By Tyler Johnson and Isaac Reibman

In the world of game theory, we refer to games like Catan, Risk, and Civilization 6 as large scale strategy games. The defining characteristic of these games is their elements and how they interact. Games often give players the option to compete against the computer. These computer players are called Artificial Intelligences (AIs). The purpose of this AI is to challenge the players equally.

Most AIs follow a given algorithm to decide which move to make. However, due to the scale and complexity of these games, writing a perfect algorithm is incredibly difficult, if not impossible. Thus most current AIs have flaws that can be exploited by the player. While a human can adapt its strategy when it realizes it is failing, the algorithmic AI will continue to make the same decisions. This removes the challenge and defeats the purpose of AI.

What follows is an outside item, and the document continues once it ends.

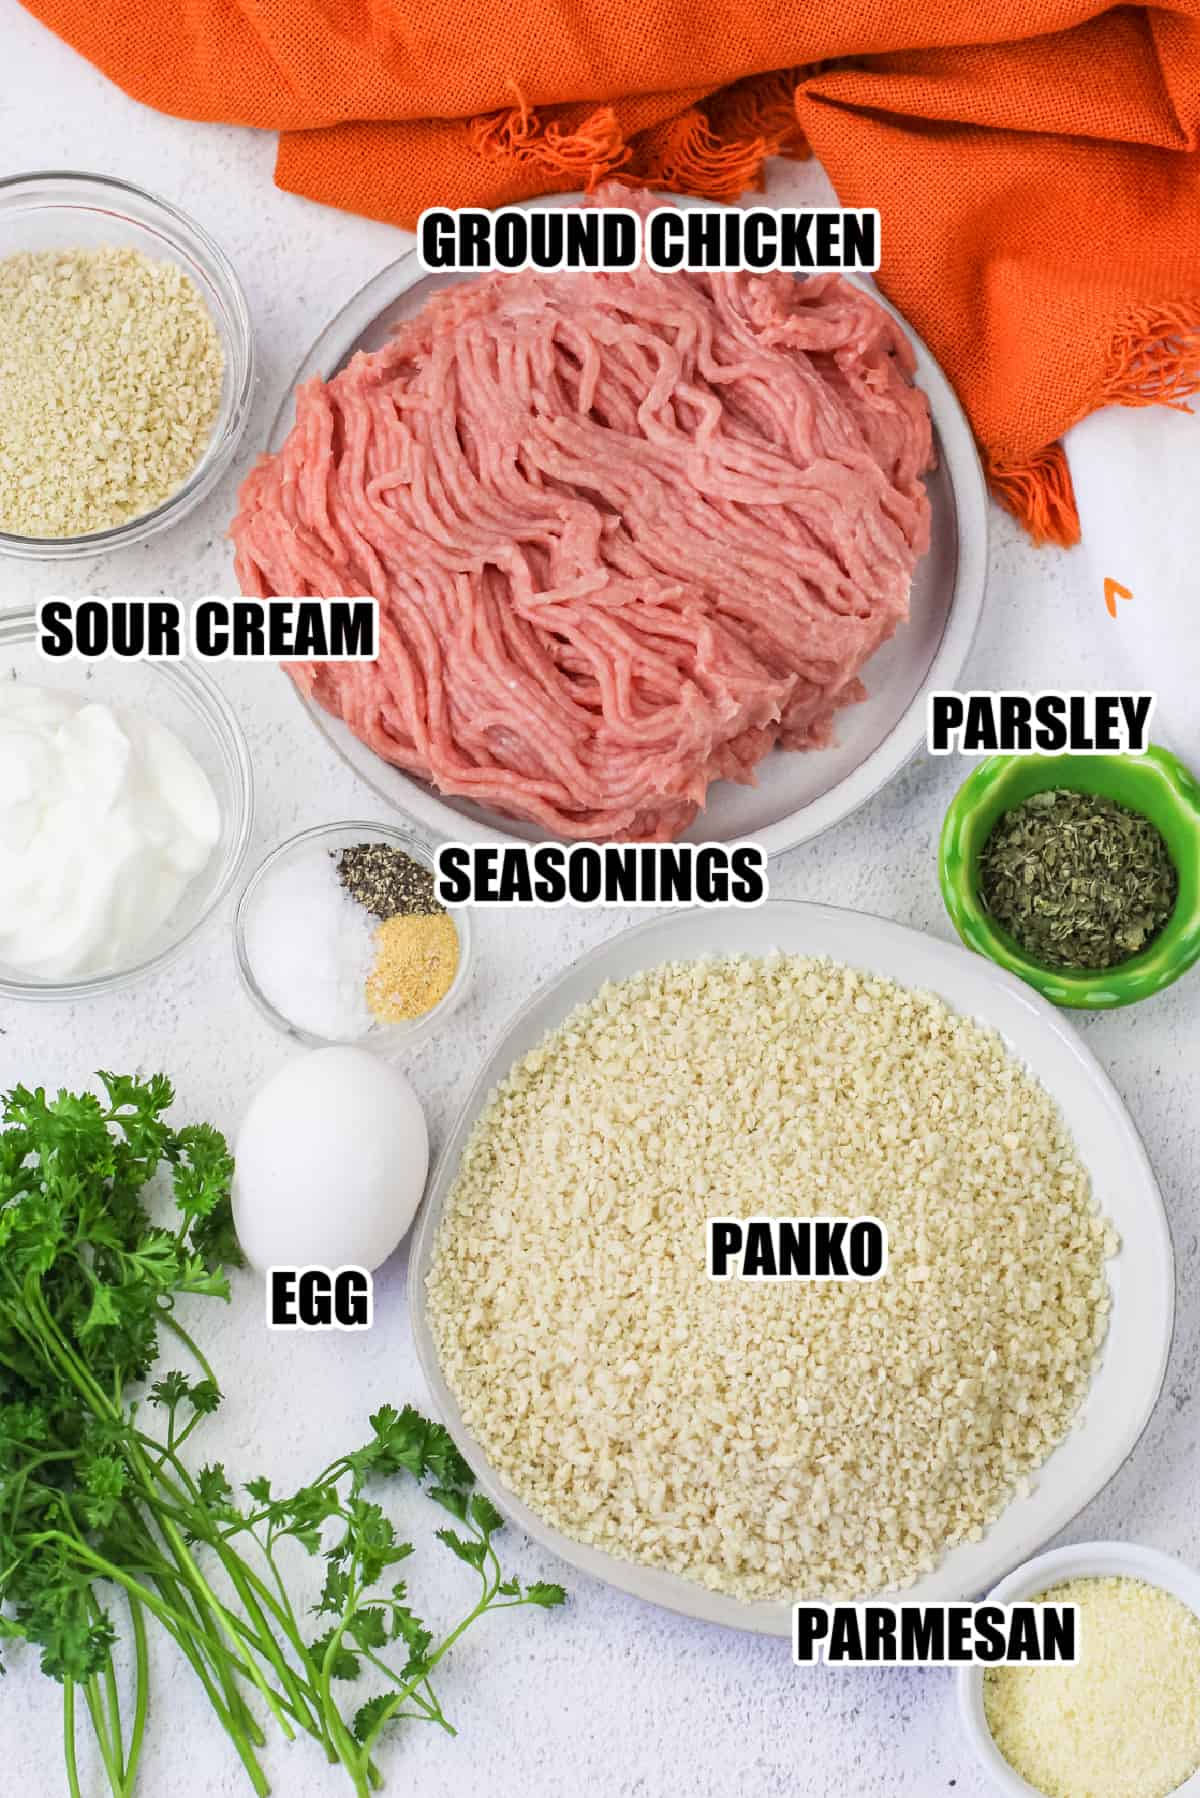 ingredients to make Chicken Nuggets including ground chicken, sour cream, seasonings, parsley, egg, panko, and parmesan

Charles Madera, Vincent Corubal and Gaber Ramalho, researchers at Pierre and Marie Curie University, decided to approach the AI ​​problem in a different direction. Reinforcement learning (RL) is a form of machine learning based on the concept of trial and error. After the AI ​​makes a move, it determines whether the move was good or bad. It then adjusts its strategy accordingly and continues. This allows him to learn from his mistakes. The team wanted to see if applying RL to large-scale strategy AI could help computers make better decisions.

Reinforcement learning works well in games like backgammon, but large-scale strategy games are more complicated. To demonstrate the difference, the researchers used John Tiller’s Battleground™ for their AI. It is a complex game with a battlefield of hexagons and hundreds of units. There are 10 total in the whole game of backgammon20 Independent States – Boards can be at any time. By comparison, Battleground™ has 10 in just one scene1887 possible states. To cope with the enormous scope of this game, the researchers decided to divide the learning into phases.

In Battleground™ each player has control over all aspects of his army. It covers everything from the general’s orders to the actions of each individual soldier. Learning to control every aspect of the army is challenging, so the researchers only allowed the AI ​​to learn to control part of the hierarchy. Prebuilt AI, as it is called Bootstrap AI, Control the rest of the army and the opponent. Thus, learning AI only needs to study a small part of the decision-making process at any given time.

In order to make good decisions, RL AI needs to understand the state of the game, as it is known State of play. This lets the computer know what to consider when making a decision. He also needs to know what moves he can make, so is known action space. Finally, it uses a “reward function” to know how well it is doing. These three things vary from game to game and even the AI ​​for the same game.

This is the most challenging part of making RL AI. AI can’t make smart moves if it doesn’t understand the game state and action space properly. If the reward function is flawed, the AI ​​won’t be able to tell if it’s doing a good or bad job. Thus it will not adjust its behavior properly.

The researchers determined that the positions of the units relative to the layout of the terrain were the most important for the AI ​​to understand. This will allow the AI ​​to identify strategic locations, such as places to hide troops and the best lines of sight and fire. They used the specific scenario of a battle between the French and Russian armies in 1812 to test the AI.

They used two different variations of AI. One, called neural network (NN) LAI 1, used a single “brain” for all operations. Another, called NN LAI 45, uses different “brains” for each task. Both the learning AI controlled the French army while the bootstrap AI controlled the Russian army. They trained the AI ​​10,000 times and then tested the training results against random movements, professional AI and humans.

After 500 games, the AIs reached the skill level of the average human player. A single “brain” AI consistently scored in the 50-100 range. The multiple “brain” AI took much longer to learn, but scored higher on average, between 100-175. An average human player has a score of around 80 and a professional AI has a score of -380.

Both AIs were able to adapt to the game and outperform professional AIs. A single, brained AI kept a constant score just like a human player. The multiple brain AI took more risks, so its score varied more in the game but ultimately performed better. This means that learning AI could be the next step in large-scale strategy AI. They can challenge players more equally, creating a more engaging single-player experience.